Failed flashing logs:
The following logs were collected on a Ubuntu 18.04 System (4 Core CPU & 8GB of RAM)
336+0 records in
336+0 records out
336 bytes copied, 0,0125908 s, 26,7 kB/s
Writing bpmp-fw-dtb_b partition done
writing item=55, 1:3:kernel_b, 15142551552, 67108864, boot.img, 43569152, fixed-<reserved>-12, a84d1802f9dc10564ecff0d3fcb06082c815142e
Writing kernel_b partition with boot.img
Get size of partition through connection.
blockdev: cannot open /dev/sdc12: No such file or directory
[ 1825]: l4t_flash_from_kernel: Get size of partition failed
[ 1825]: l4t_flash_from_kernel: Error flashing emmc
Error flashing non-qspi storage
Cleaning up...
452+0 records in
452+0 records out
452 bytes copied, 0,00270544 s, 167 kB/s
Writing recovery-dtb partition done
writing item=60, 1:3:RECROOTFS, 15328608256, 104857600, , , fixed-<reserved>-17,
[ 703]: l4t_flash_from_kernel: Warning: skip writing RECROOTFS partition as no image is specified
writing item=61, 1:3:esp, 15433465856, 67108864, esp.img, 67108864, fixed-<reserved>-18, 81add5846db4c52f28a11ba16df00871a06b70c2
Writing esp partition with esp.img
Get size of partition through connection.
blockdev: cannot open /dev/sdx18: No such file or directory
[ 703]: l4t_flash_from_kernel: Get size of partition failed
[ 703]: l4t_flash_from_kernel: Error flashing emmc
Error flashing non-qspi storage
Cleaning up...
336+0 records in
336+0 records out
336 bytes copied, 0,00240753 s, 140 kB/s
Writing bpmp-fw-dtb_b partition done
writing item=55, 1:3:kernel_b, 15142551552, 67108864, boot.img, 43569152, fixed-<reserved>-12, a84d1802f9dc10564ecff0d3fcb06082c815142e
Writing kernel_b partition with boot.img
Get size of partition through connection.

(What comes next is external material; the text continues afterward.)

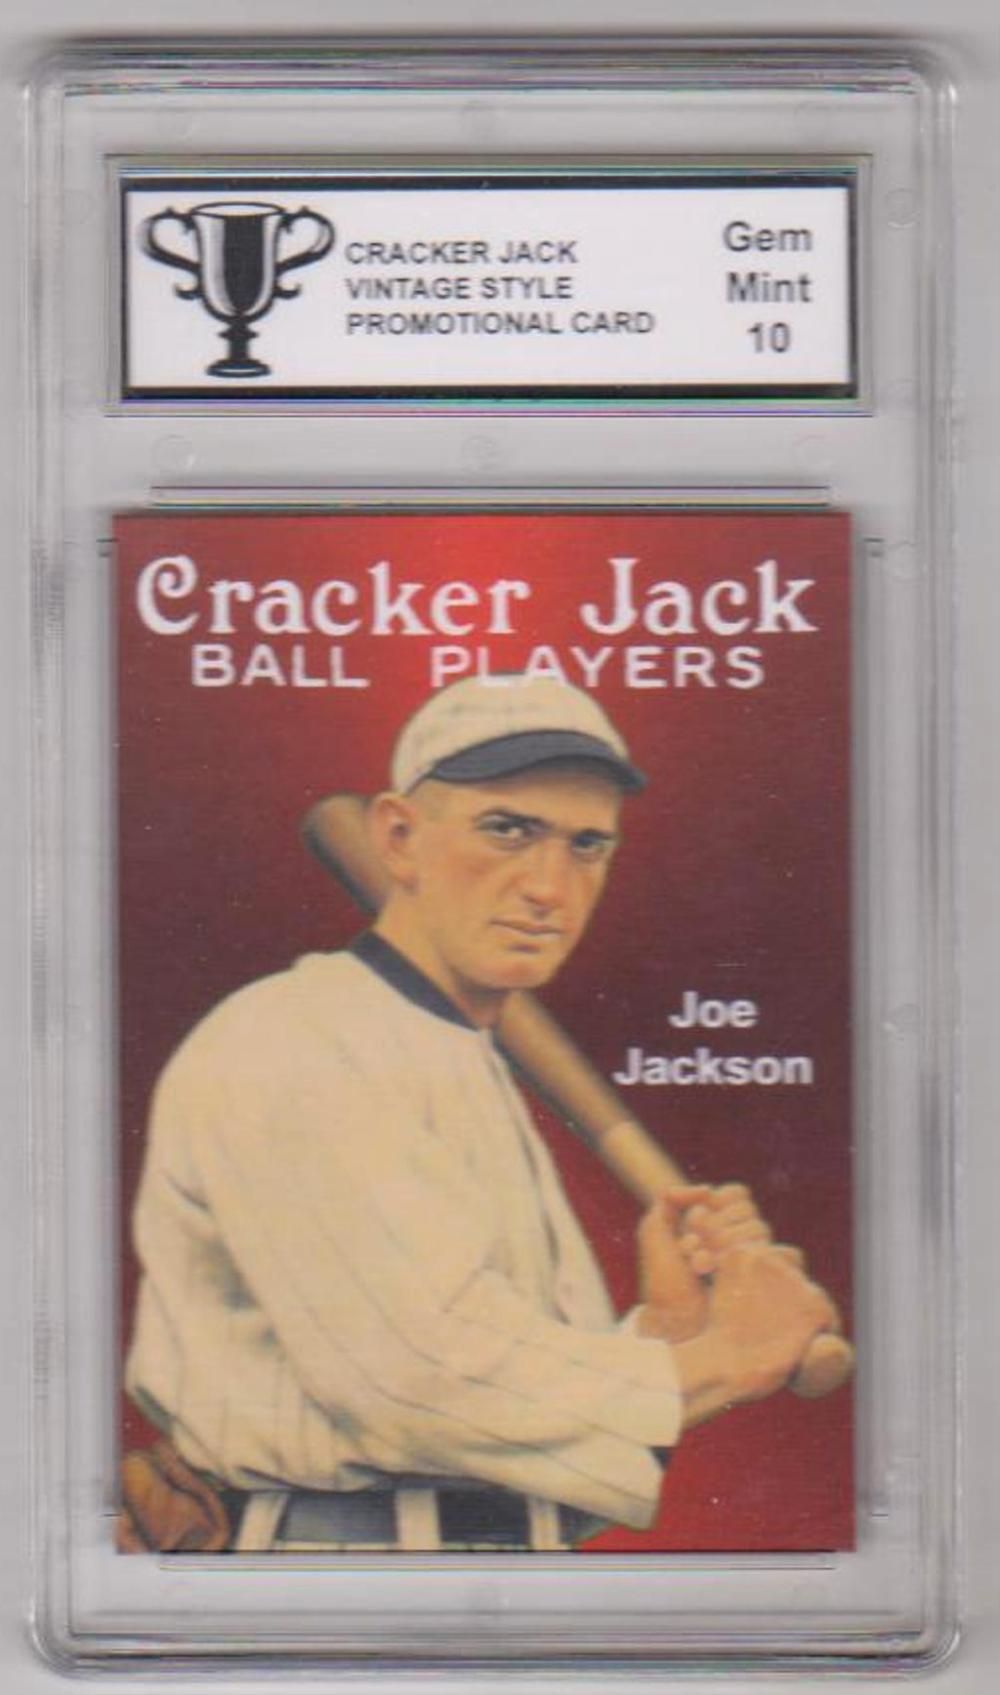 Graded Gem Mint 10 Shoeless Joe Jackson Cracker Jack Vinta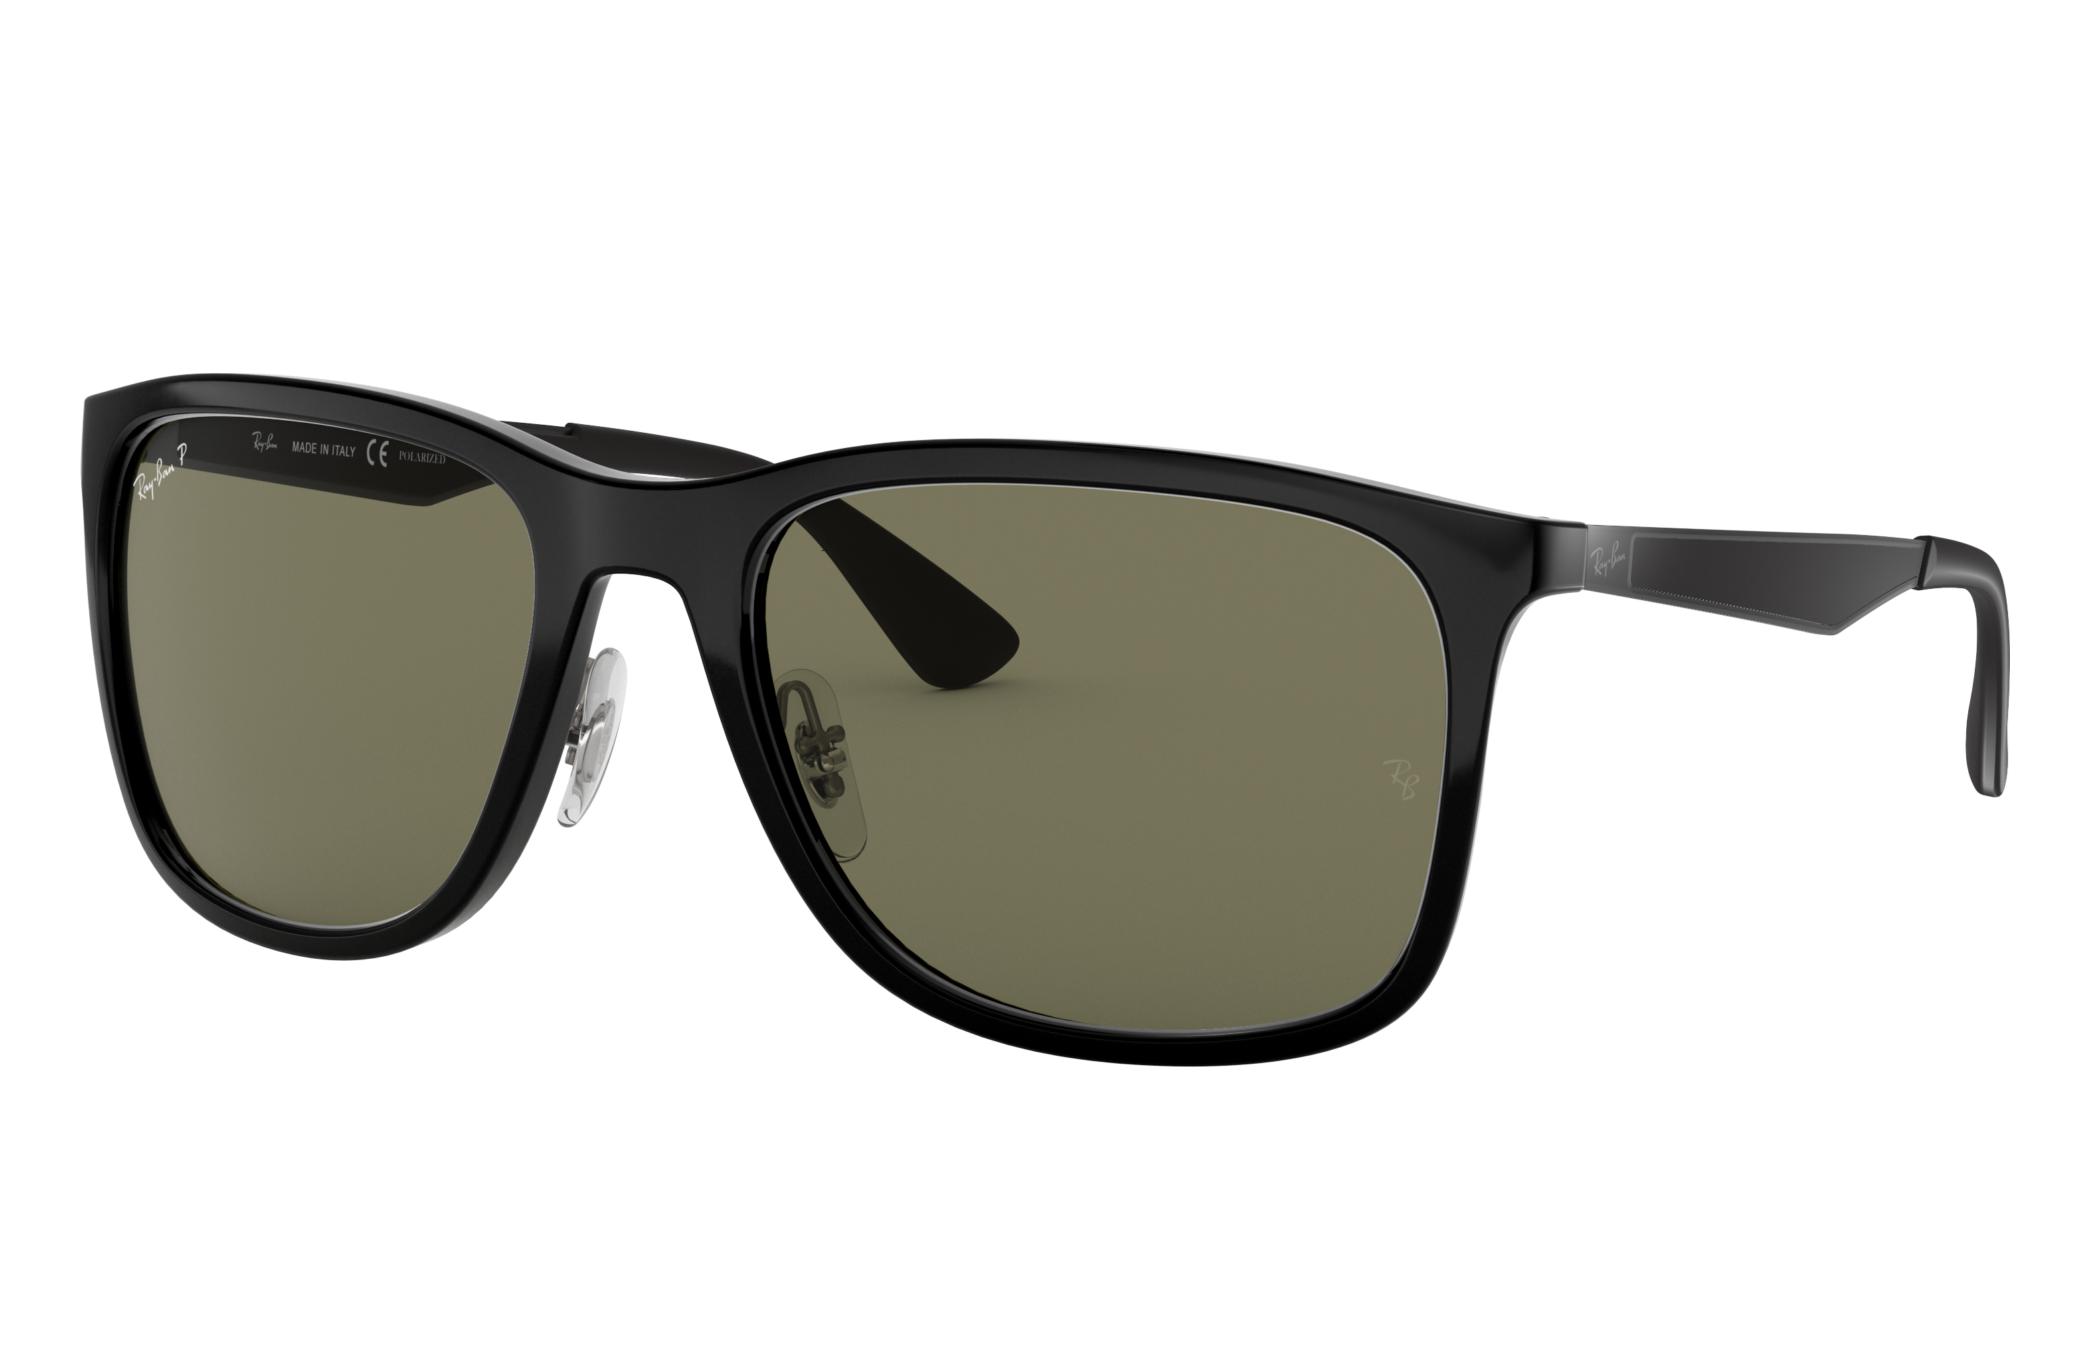 Ray-Ban Rb4313 Gunmetal, Polarized Green Lenses - RB4313

blockdev: cannot open /dev/sdb12: No such file or directory
[ 855]: l4t_flash_from_kernel: Get size of partition failed
[ 855]: l4t_flash_from_kernel: Error flashing emmc
Error flashing non-qspi storage
Cleaning up...
Formatting APP parition done
Formatting APP partition /dev/sdf1 ...
tar --xattrs -xpf /opt/tobias/framework/assets/initrd_massflash/current_image/tools/kernel_flash/images/internal/system.img --checkpoint=10000 --warning=no-timestamp --numeric-owner -C /tmp/ci-bmRAhaKgLy
tar: Read checkpoint 10000
tar: Read checkpoint 20000
tar: Read checkpoint 30000
tar: Read checkpoint 40000
tar: ./usr/share/fonts/opentype/noto/NotoSansCJK-Regular.ttc: Cannot write: Read-only file system
tar: ./usr/share/fonts/opentype/noto/NotoSansCJK-Regular.ttc: Cannot utime: Read-only file system
tar: ./usr/share/fonts/opentype/noto/NotoSansCJK-Regular.ttc: Cannot change ownership to uid 0, gid 0: Read-only
[a lot of errors of the same kind...]
tar: ./usr/share/perl/5.30.0/CPAN/Meta/YAML.pm: Cannot open: Input/output error
tar: ./usr/share/perl/5.30.0/CPAN/Meta/History: Cannot mkdir: Input/output error
tar: ./usr/share/perl/5.30.0/CPAN/Meta/History/Meta_1_3.pod: Cannot open: Input/output error
tar: ./usr/share/perl/5.30.0/CPAN/Meta/History/Meta_1_2.pod: Cannot open: Input/output error
tar: ./usr/share/perl/5.30.0/CPAN/Meta/History/Meta_1_0.pod: Cannot open: Input/output error
Cleaning up...
The fail rate is about 15-20% of the devices I connect. It also seems rather random on which USB port it occurs.
My actual question
- Has anyone experienced similar issues with init_rd massflash or is this even a known issue with the massflash script? If yes, how did you guys solve this?
- How many devices have been verified to work reliable (I assumed the limit was 10, because the default is limited to 10)?